All random variables are defined on the same measurable space $(S,\mathcal{A}, P)$. The symbol $\mathcal{B}_{\mathcal{K}}$ denotes the Borel $\sigma$-algebra for the set $\mathcal{K}$.
Could you help me to clarify the relations among the different $\sigma$-algebras in what follows?
(1) Consider a $(\{0,1\}, \mathcal{B}_{\{0,1\}})$-valued random variable $Y$, i.e. $$ Y^{-1}(T):=\{s\in S \text{ s.t. } Y(s)\in T\}\in \mathcal{A} \text{ }\forall T \in \mathcal{B}_{\{0,1\}} $$
(2) I am told that $$ Y=f(X) $$ for a random variable $X$ which is uniformly distributed on $[0,1]$ and for some measurable function $f:[0,1]\rightarrow \{0,1\}$.

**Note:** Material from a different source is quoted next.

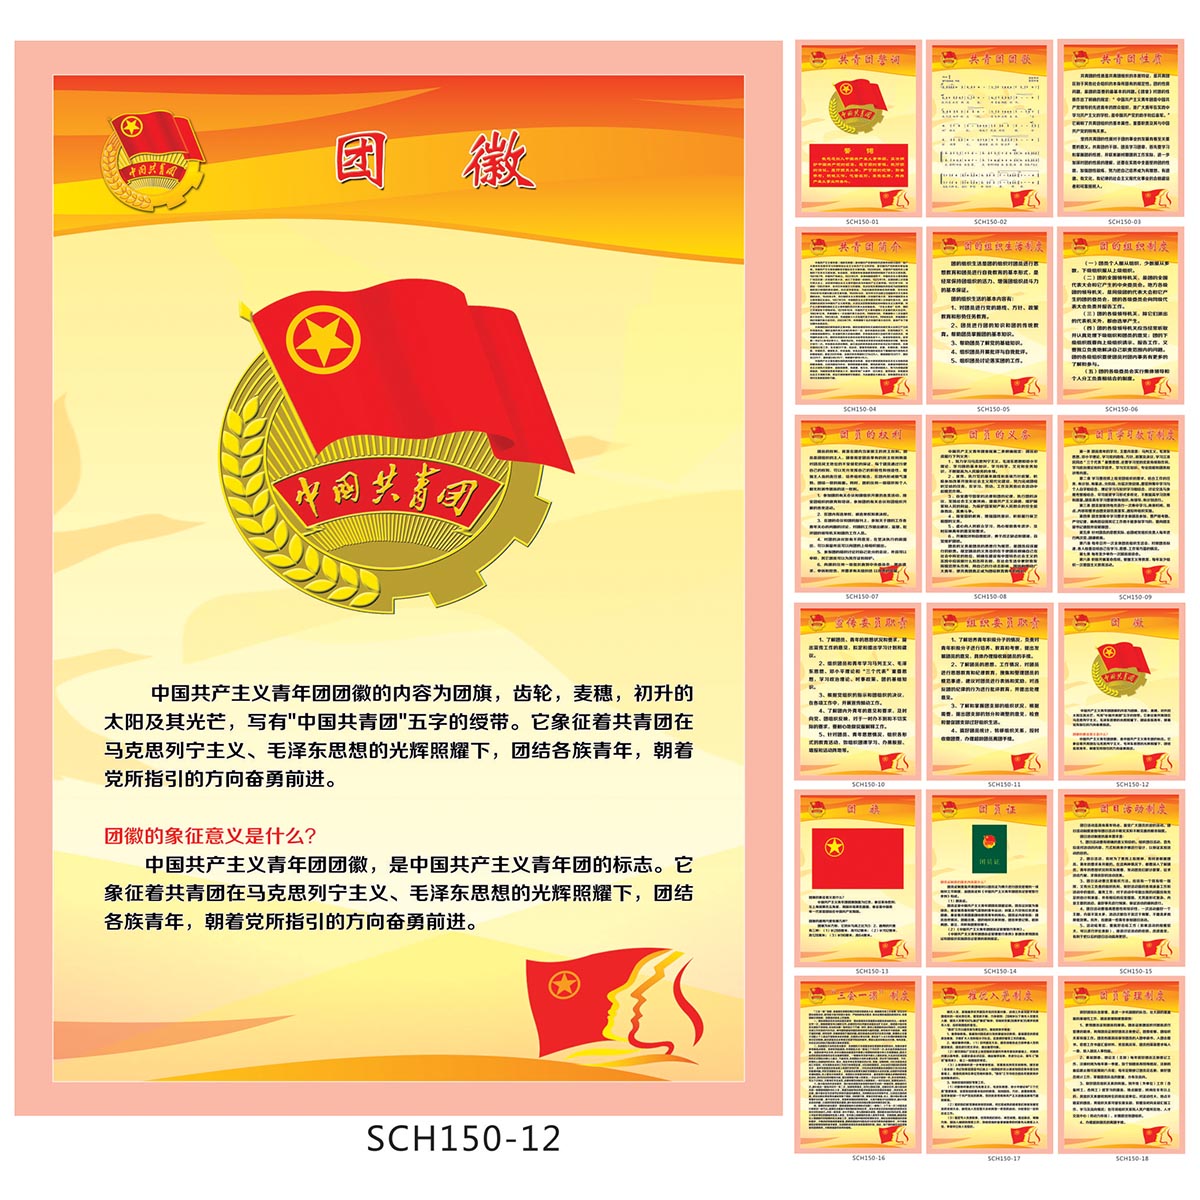 共青团制度牌 团委宣传画 团支部挂图 团徽内容意义贴画SCH150-12

I am confused on the $\sigma$-algebras involved in the measurability of $f$. My considerations are:
(i) I am told that $X$ is uniformly distributed on $[0,1]$. Hence it is a $([0,1], \mathcal{B}_{[0,1]})$-valued random variable, i.e. $$ X^{-1}(D):=\{s\in S \text{ s.t. } X(s)\in D\}\in \mathcal{A} \text{ }\forall D \in \mathcal{B}_{[0,1]} $$
(ii) I am told that $f$ is a measurable function, meaning that, for some $\sigma$-algebras $\mathcal{E}, \mathcal{U}$ associated with $[0,1], \{0,1\}$, $$ f^{-1}(U):=\{e \in [0,1] \text{ s.t. } f(e)\in U \}\in \mathcal{E} \text{ }\forall U \in \mathcal{U} $$
(iii) At the same time $f(X)$ can be thought of as a $(\{0,1\}, \mathcal{B}_{\{0,1\}})$-valued random variable $Q$, i.e. $$ Q^{-1}(T):=\{s\in S \text{ s.t. } Q(s)\in T\}\in \mathcal{A} \text{ }\forall T \in \mathcal{B}_{\{0,1\}} $$ with $Q(s)=f(X(s))$.

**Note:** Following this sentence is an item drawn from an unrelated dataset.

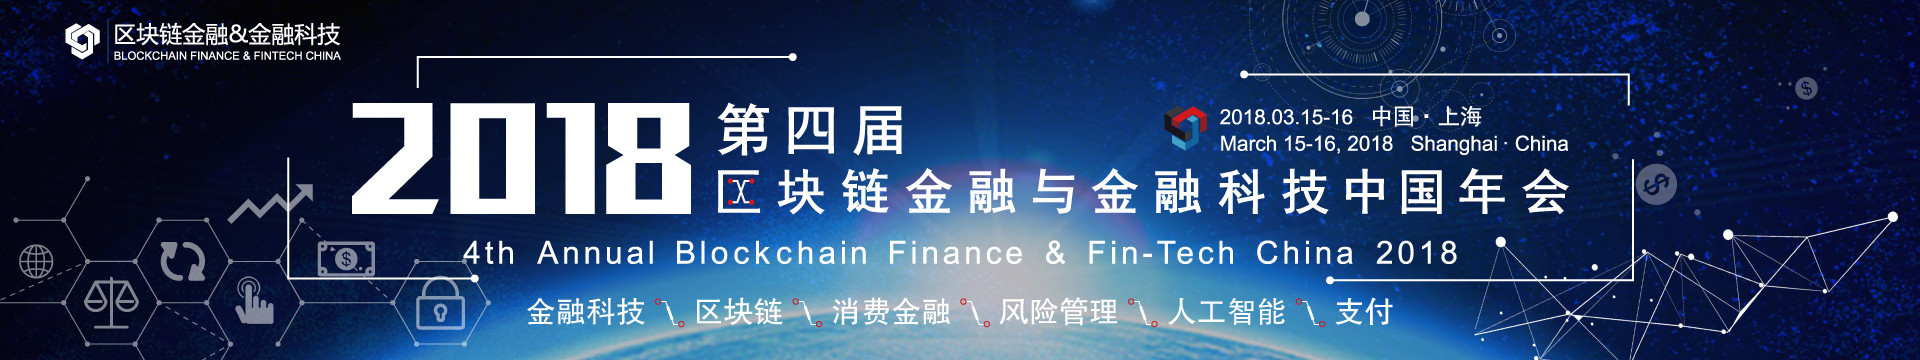 第四届区块链金融与金融科技中国年会2018

Does (1) and (2) imply that $\mathcal{E}:=\mathcal{B}_{[0,1]}$ and $\mathcal{U}:=\mathcal{B}_{\{0,1\}}$? In other words, is saying that "$f$ is a measurable function" equivalent to say that $Q:=f(X)$ is a $(\{0,1\}, \mathcal{B}_{\{0,1\}})$-valued random variable?
Back to your question - is $\mathbf Y= f(\mathbf X)$ a random variable?
$\mathbf Y = f(\mathbf X) = f \circ \mathbf X$
We already know that $\mathbf X$ is a r.v., and thus $\sigma(\mathbf X)=\{ \mathbf X^{-1}(A):A\in\mathcal B(\mathbb R)\}\subset\Sigma.$ (Strictly speaking, it is defined only on a subset of $\mathbb R$, i.e. $[0,1]$)
Meanwhile $\sigma(\mathbf Y)=\{ \mathbf Y^{-1}(A):A\in\mathcal B(\mathbb R)\}=\{ \mathbf X^{-1} \circ f^{-1}(A):A\in\mathcal B(\mathbb R)\}$ (Strictly speaking, it is defined only on a $\{0,1\}$)
Now in order for $\mathbf Y$ be a r.v. we need $\sigma(\mathbf Y) \subset \Sigma$, this is true if and only if $f$ inverse-map the borel set of $\{0,1\}$ back into a Borel-set in $[0,1]$, so that $\mathbf X$ will inverse-map $f^{-1}(A)$ into subset of $\Omega$ that is measurable.